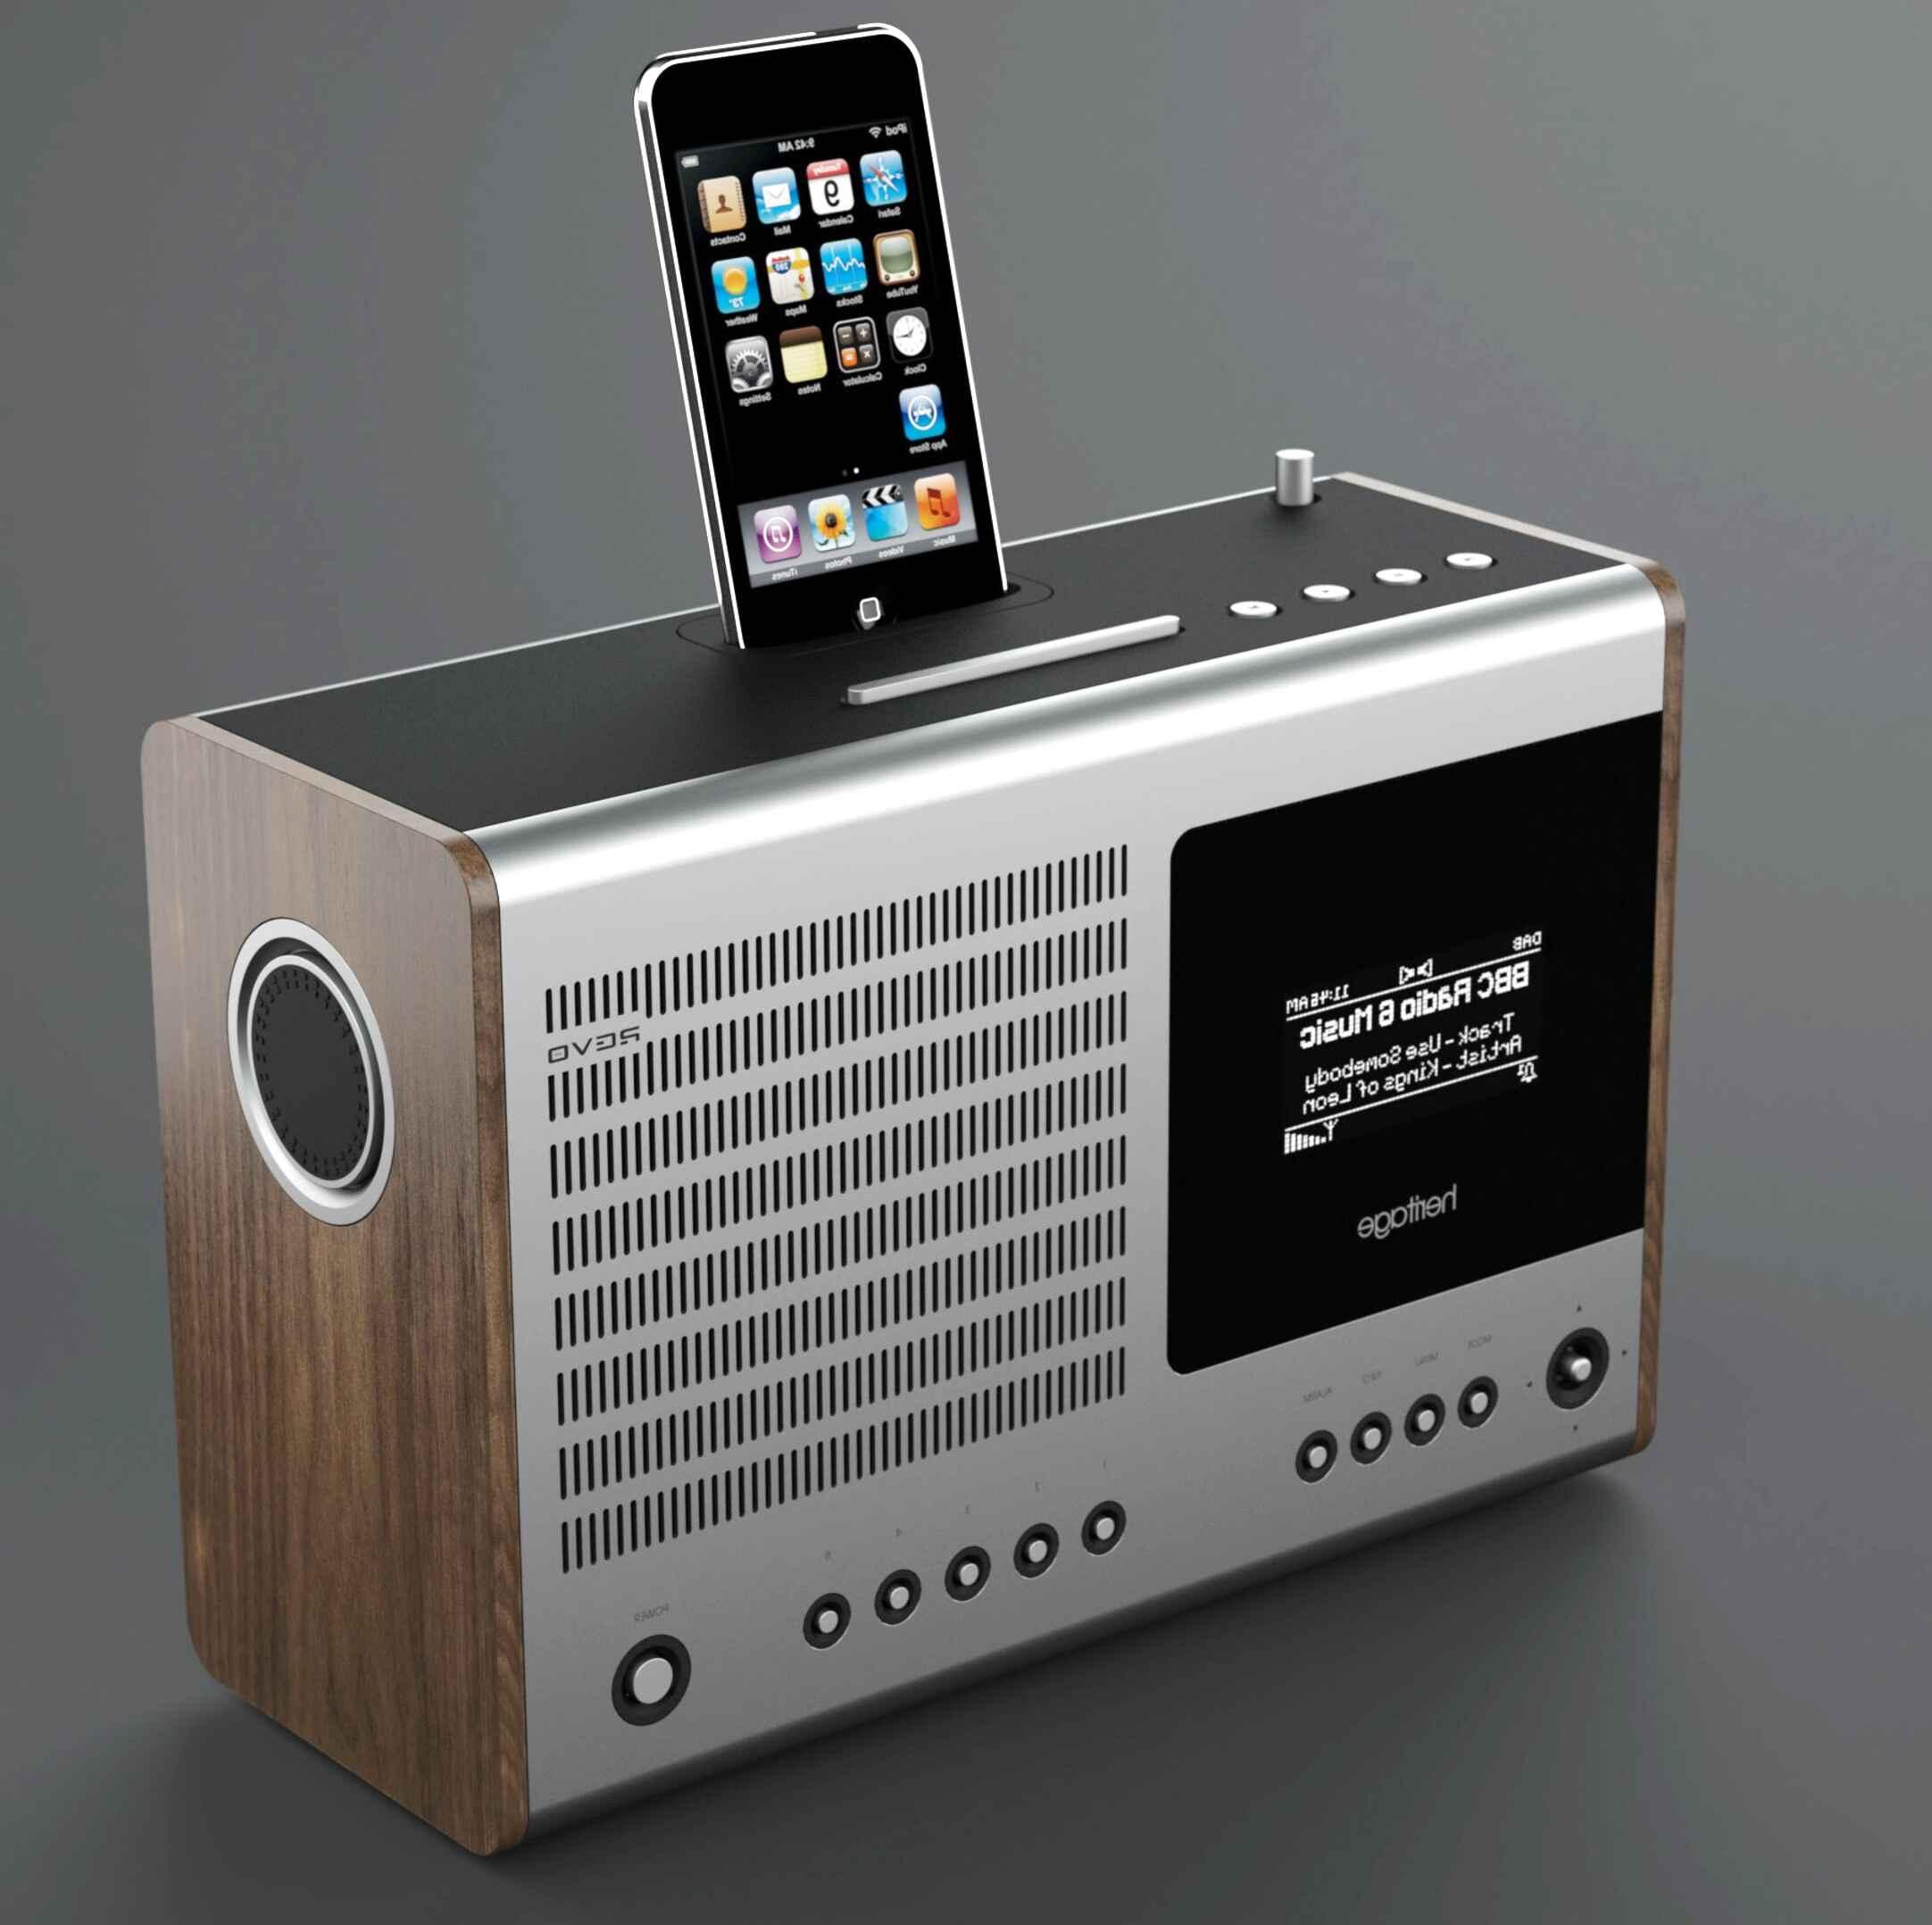 dab radio ipod dock for sale
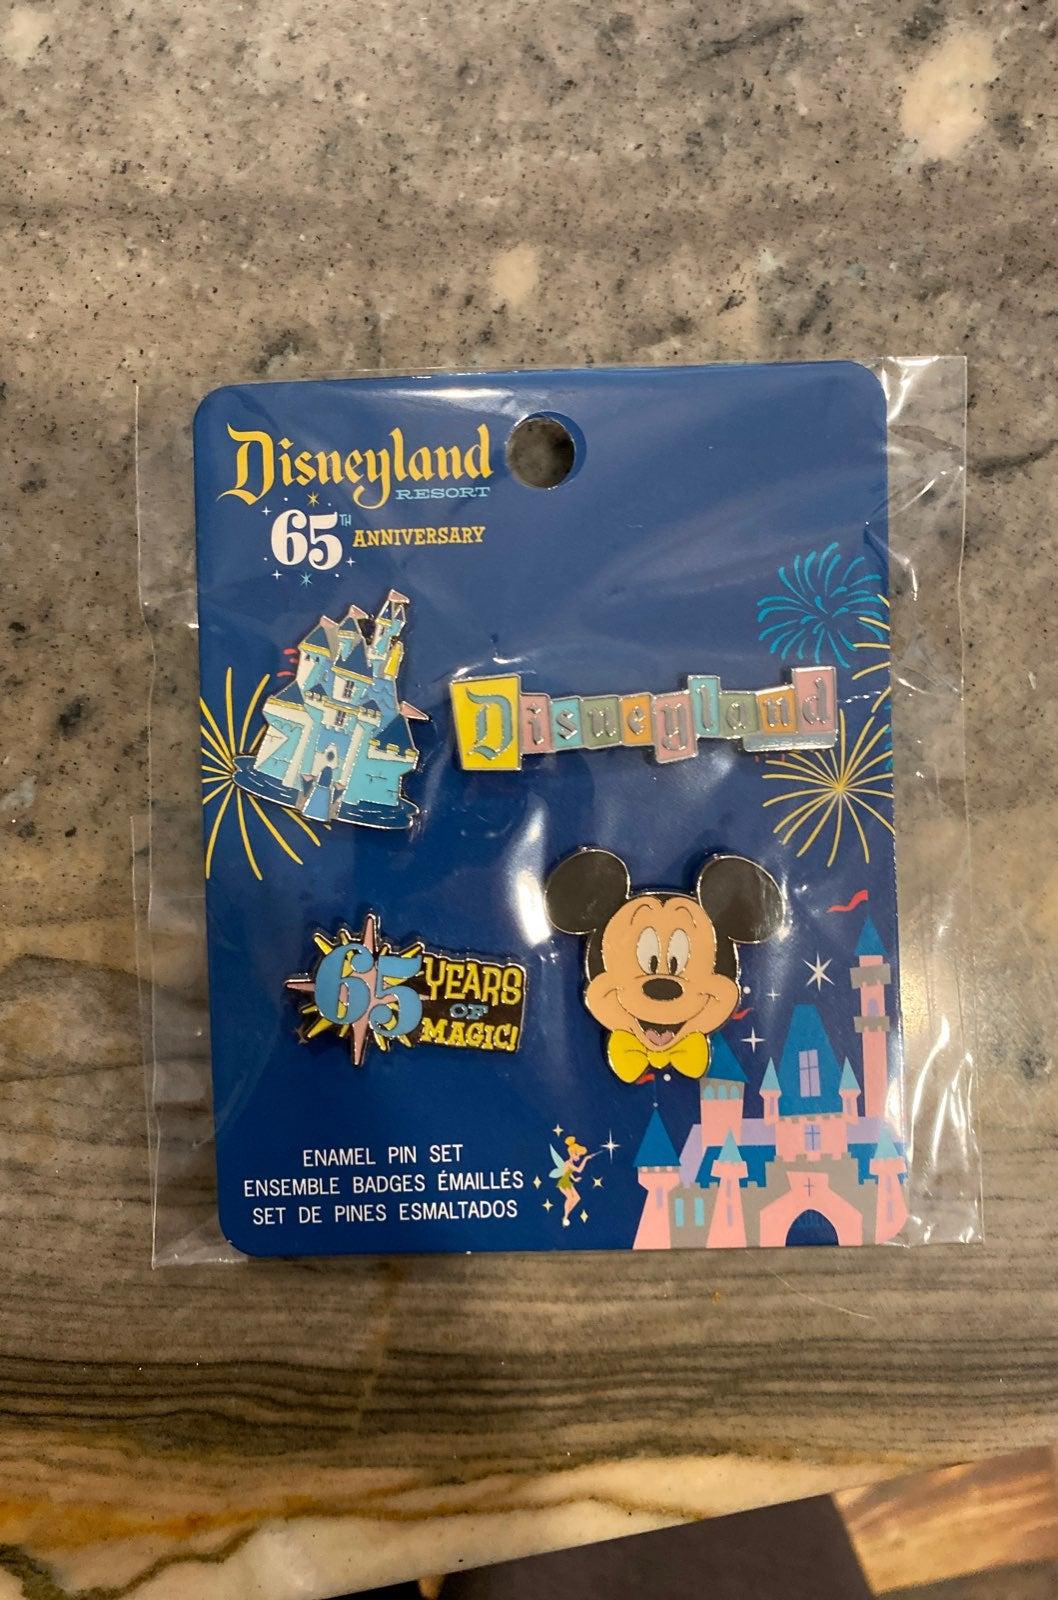 Disney 65th Anniversary pin set
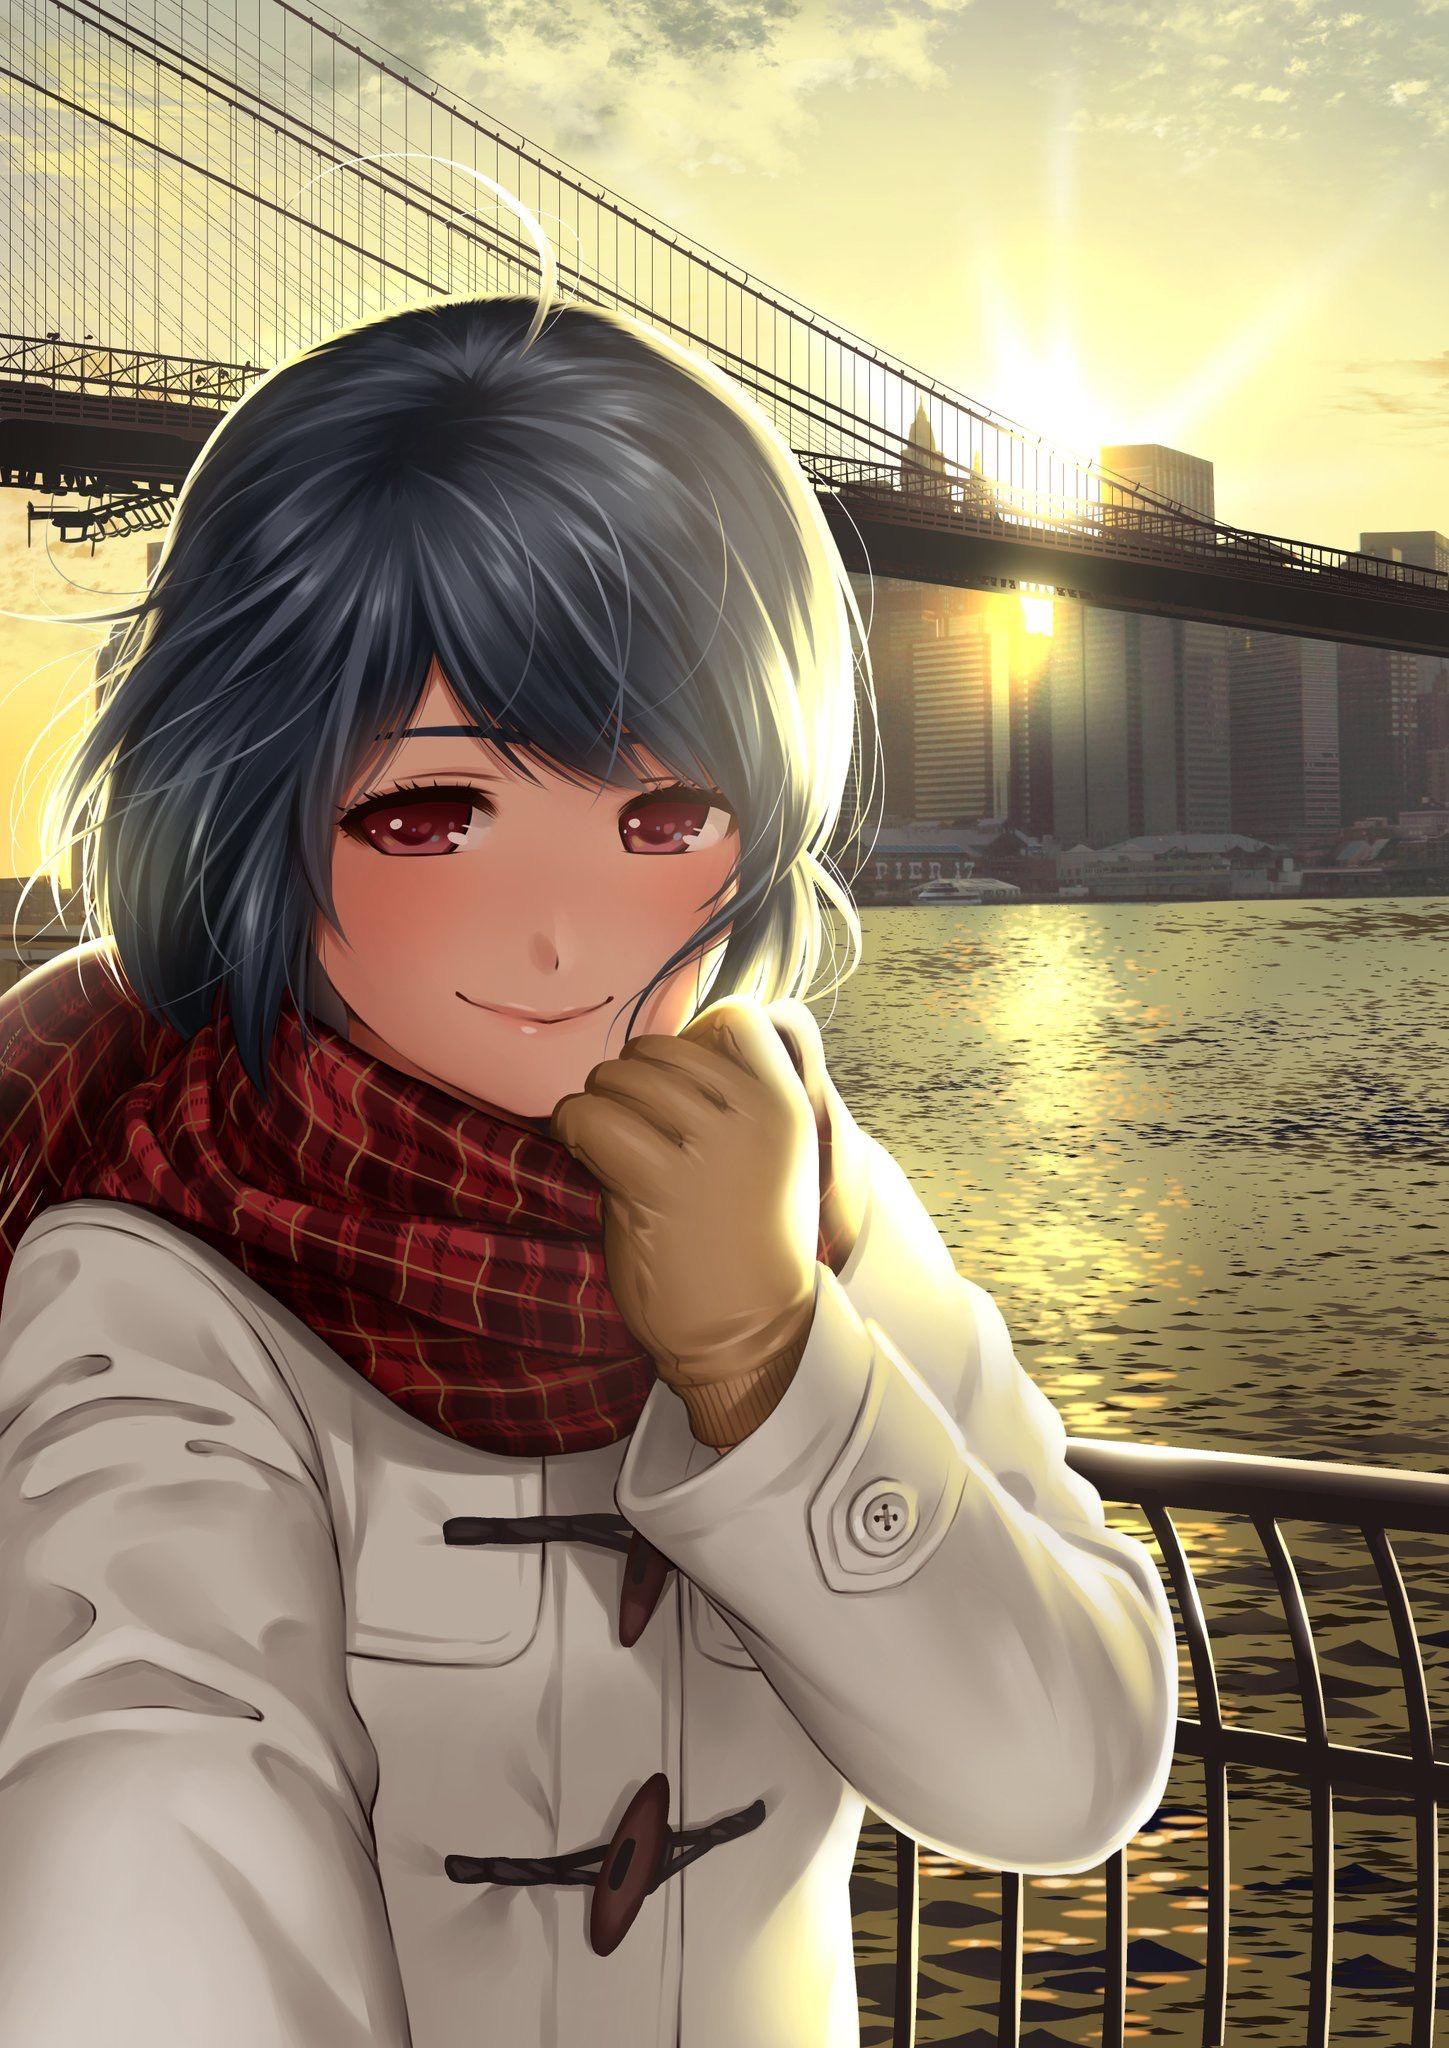 Tachibana Rui Arte de anime, Anime mujer, Wallpaper de anime

▶ Directions for this task: In copying the listing, reproduce each line exactly and omit the pictures.

▶ Written response:
 dab radio ipod dock for sale
 Disney 65th Anniversary pin set
 Tachibana Rui Arte de anime, Anime mujer, Wallpaper de anime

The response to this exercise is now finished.